Strengths Worth Calling Out
- Docstrings are thorough. The parameter-level documentation in
compress_prompt and structured_compress_prompt is genuinely useful — the math definition of compression rate and the caveats about tokenizer mismatch are the kind of context users actually need.
- The
__call__ delegation to compress_prompt is a nice UX touch — lets users treat the compressor as a callable without remembering method names.
rank_method extensibility is well-designed; adding a new ranking backend (BM25, Cohere, sentence-BERT, etc.) is a clean one-function addition inside get_rank_results.
Questions & Observations
1. Mutable default arguments in function signatures
Several public methods use mutable defaults:
def compress_prompt(self, ..., force_tokens: List[str] = [], ...):
def compress_prompt_llmlingua2(self, ..., force_context_ids: List[int] = [], force_tokens: List[str] = [], ...):
Python shares the same list object across all calls when the default is a mutable literal. This is a classic footgun — if any call path appends to force_tokens, subsequent calls with the default will see the accumulated state. The standard fix is force_tokens: List[str] = None with an early if force_tokens is None: force_tokens = [] guard. Given the library's public API surface, this seems worth hardening.

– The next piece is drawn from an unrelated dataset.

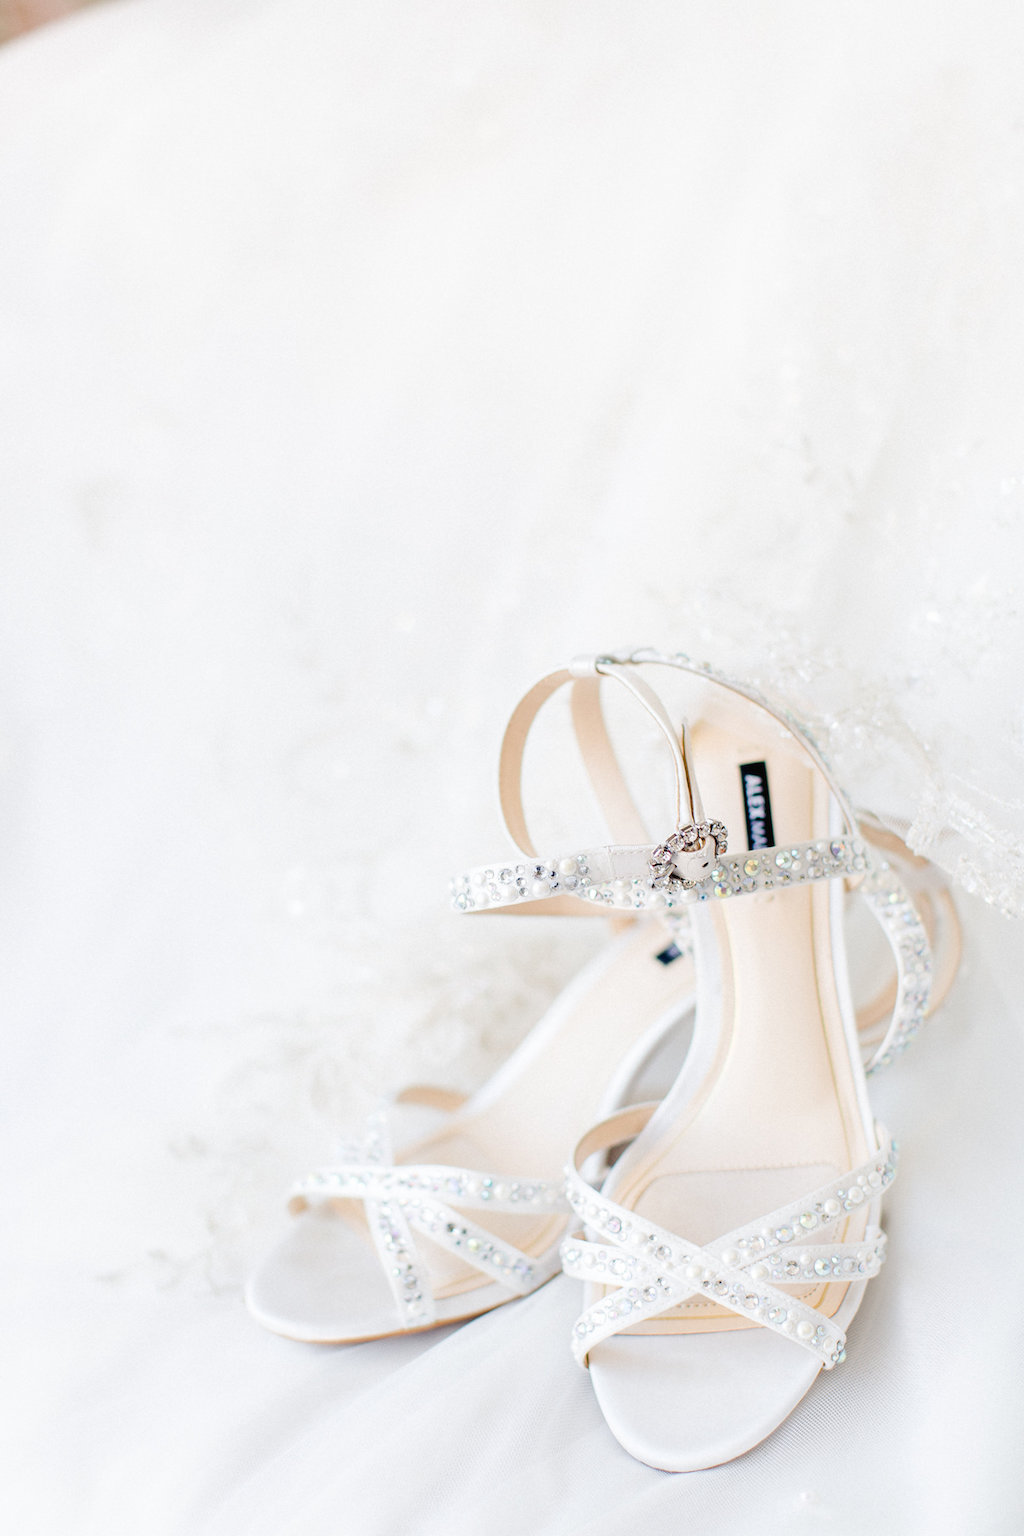 Rhinestone Strappy Peep Toe Wedding Shoes   Tampa Wedding Photographer Ailyn La Torre

2. trust_remote_code=True on by default
In load_model:
trust_remote_code = model_config.get("trust_remote_code", True)
The default is True, meaning any model loaded from HuggingFace Hub will execute arbitrary remote code without the user opting in. For a library with a broad user base (LangChain, LlamaIndex integrations), this seems like a surprising default. Most downstream frameworks default this to False and require explicit opt-in. Would a change to default False break any of the recommended models, or is it only needed for specific quantized variants?
3. TokenClfDataset hardcodes model name string matching
if "bert-base-multilingual-cased" in model_name:
...
elif "xlm-roberta-large" in model_name:
...
else:
raise NotImplementedError()
The same string-matching pattern appears in is_begin_of_new_word and get_pure_token in utils.py. This means any new model (even a fine-tune like my-org/xlm-roberta-large-finetuned) may silently route to the wrong branch or raise. A model family enum or a config-driven approach would make adding new model families less error-prone and avoid the current reliance on substring matching.
4. saving is hardcoded to GPT-4 pricing
saving = (origin_tokens - compressed_tokens) * 0.06 / 1000
The $0.06/1K tokens figure (GPT-4 input pricing circa 2023) is baked into the return value of both compress_prompt and compress_prompt_llmlingua2. GPT-4o pricing is now ~10x cheaper, and users routing to other models will see a misleading savings estimate. Options: accept an optional cost_per_token parameter, document the assumption clearly in the return value docstring, or drop this field in favor of letting callers compute savings from the raw token counts.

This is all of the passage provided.